Joint Planning and Development Office

Agency overview
- Formed: 2003
- Headquarters: Washington, D.C.;
- Agency executive: Dr. Karlin Toner, JPDO Director;
- Parent agency: Federal Aviation Administration
- Website: Joint Planning and Development Office

= Joint Planning and Development Office =

The United States Congress established the Joint Planning and Development Office (JPDO) in 2003 to plan and coordinate the development of the Next Generation Air Transportation System (NextGen). The JPDO is a multi-agency public/private initiative to include: United States Department of Transportation, United States Department of Defense, Department of Commerce, Department of Homeland Security, Federal Aviation Administration, National Aeronautics and Space Administrations, and White House Office of Science and Technology Policy. Congress ended funding for JPDO in 2014.

==Profile==

The NextGen portfolio includes large-scale investments, research, and operational changes that will profoundly impact the capabilities of the nation’s air transportation system. This includes developments in air traffic control, airspace management, satellite-based navigation, security (both at the airport and in the air), digital communications, net-centric operations, and changes in the way aviation weather information is gathered and disseminated throughout the system.

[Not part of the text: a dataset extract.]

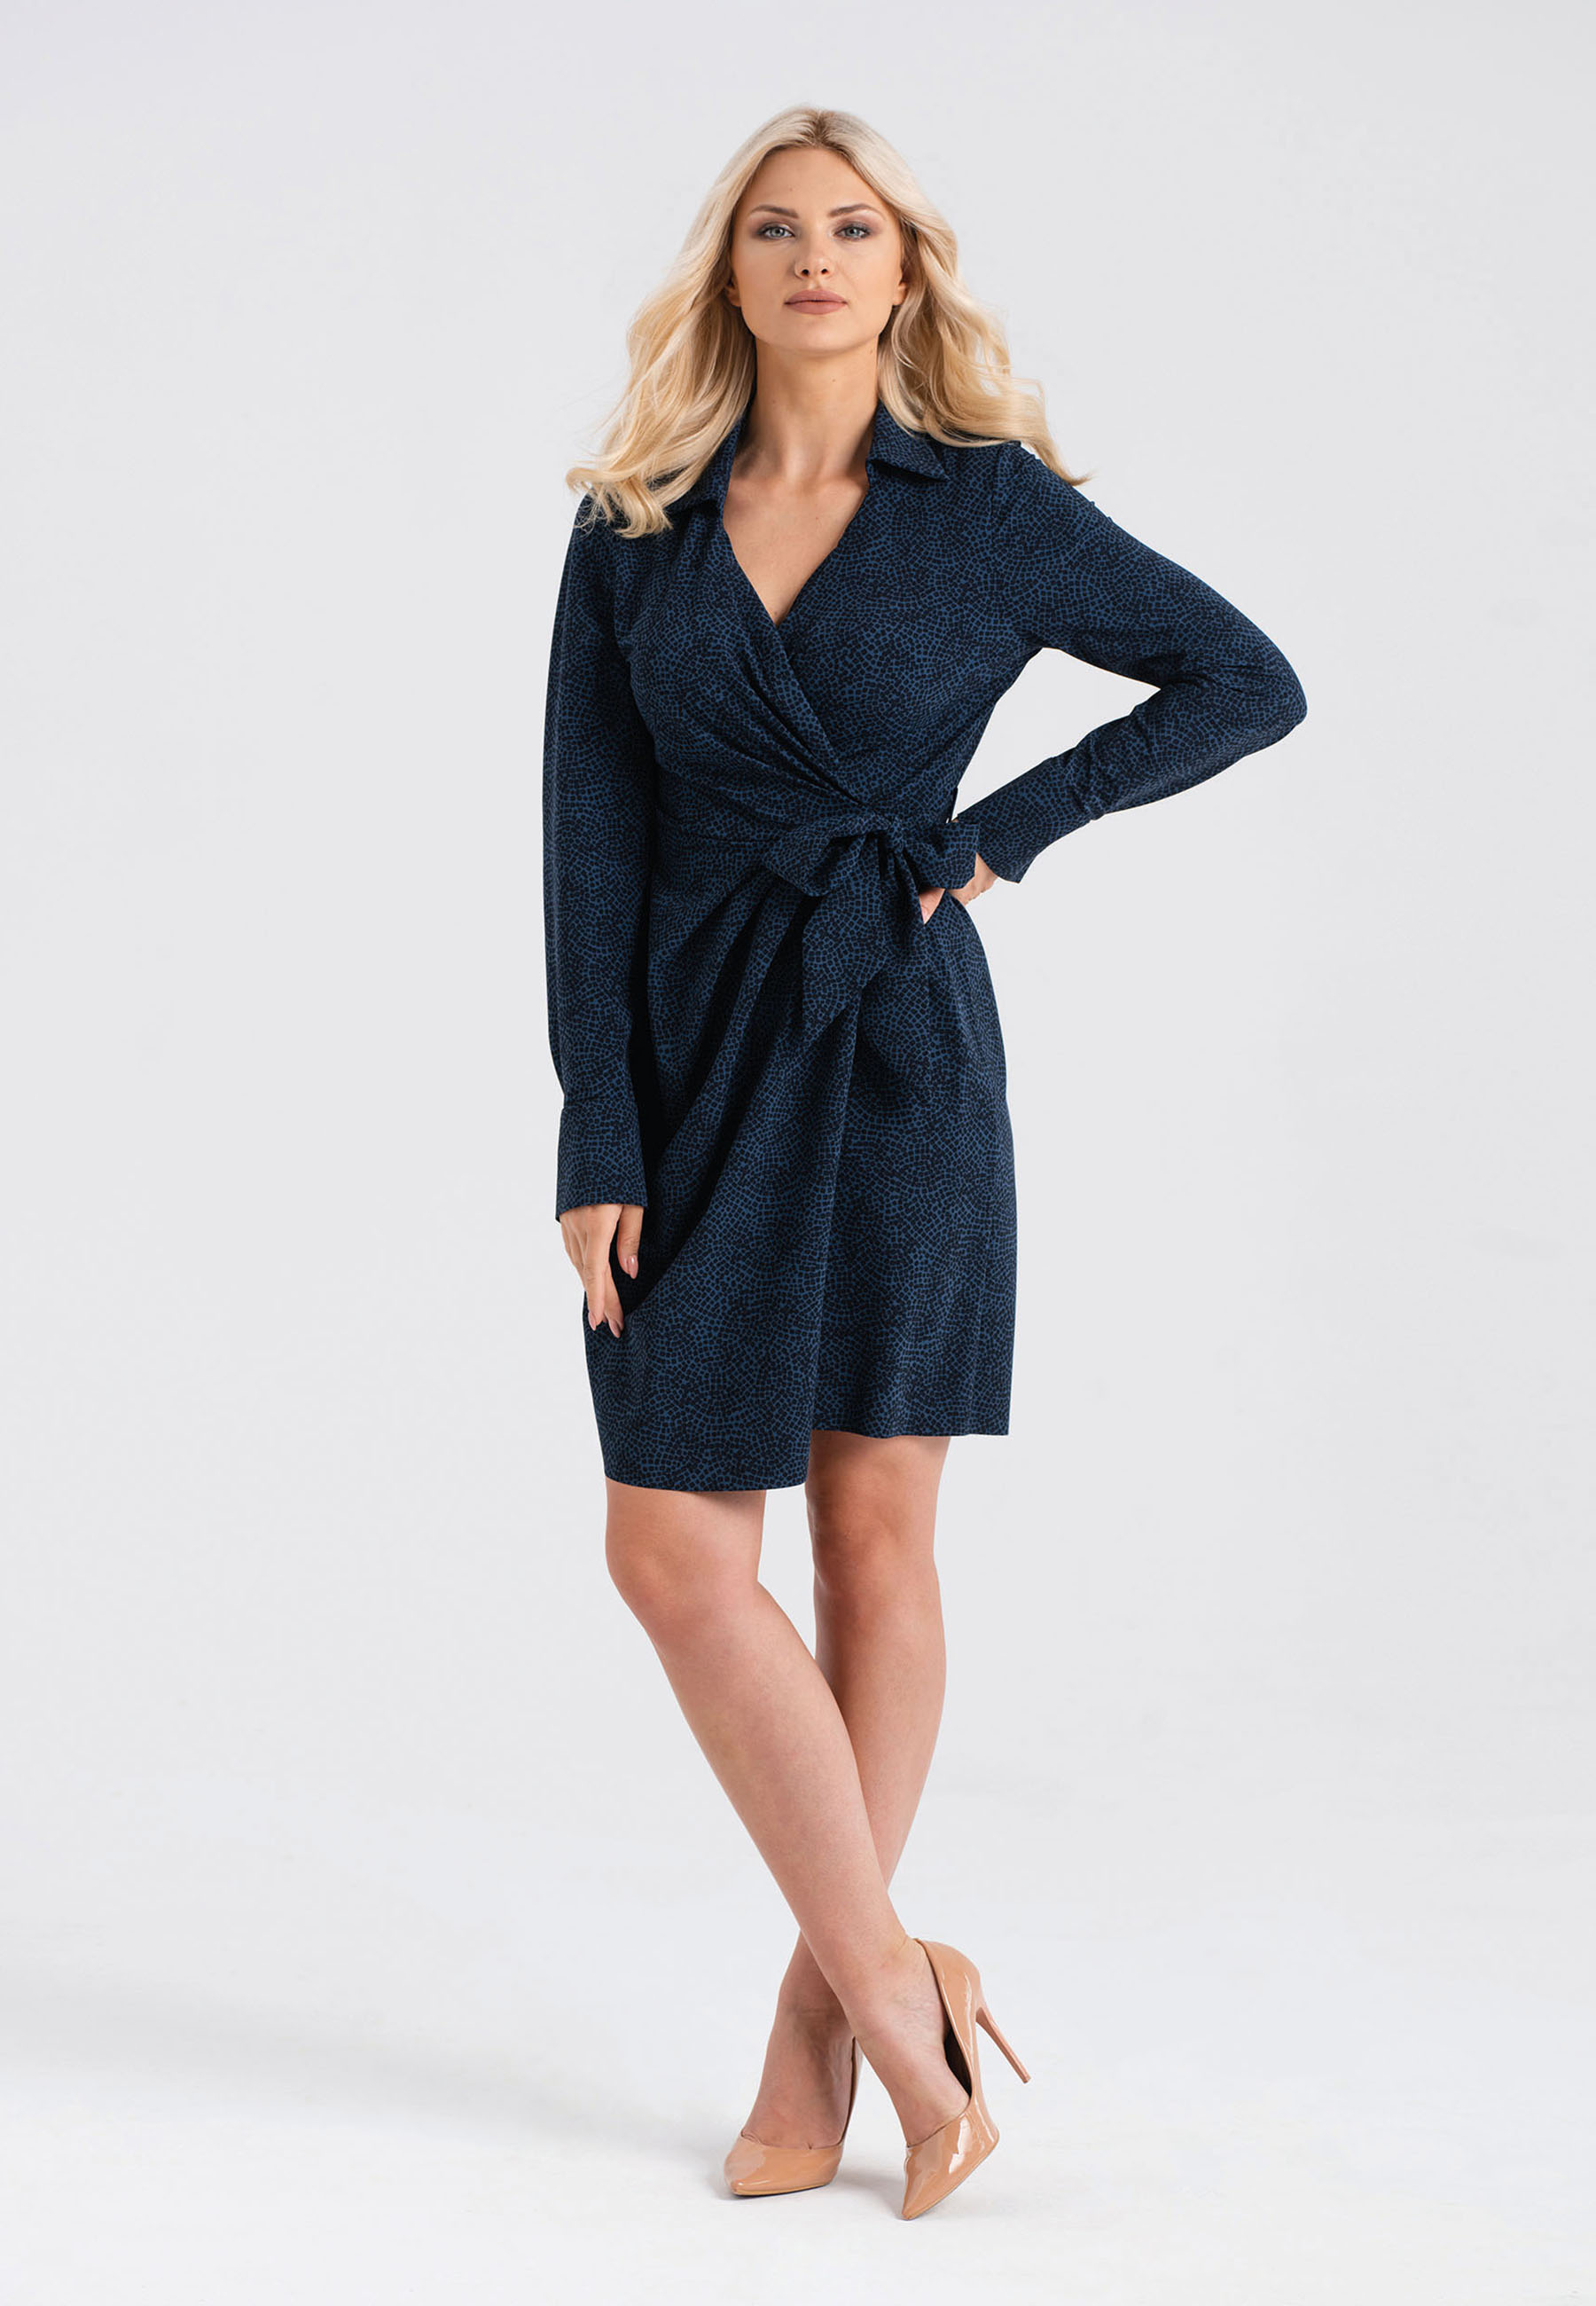 Levně Look Made With Love Woman's Dress 743 Beatrice Navy Blue

With this in mind, and given the broad impact of these changes, the concept of a joint office, one that can manage the development of the NextGen architecture and integrated work plan, has become especially important.

Since its inception, the JPDO has been in the development of a framework for planning NextGen, identifying and prioritizing key multi-agency concerns, and driving consensus in the development of investment choices and decisions.

The JPDO is governed by a Senior Policy Committee (SPC) that is made up of Cabinet-level representatives from each of the JPDO’s government partners. The SPC is chaired by the Secretary of Transportation.

The scope of the JPDO’s planning is broad. It engages the collaborative energies of the departments and agencies, the academic community, research, and private sectors. It covers a time span of nearly two decades and calls for a unique level of integration in the planning and budgeting of critical investments in the national transportation system. This approach is representative of a new paradigm in the way government pursues large-scale transformational initiatives, particularly those that encompass a broad range of mission areas, agencies, and the private sector.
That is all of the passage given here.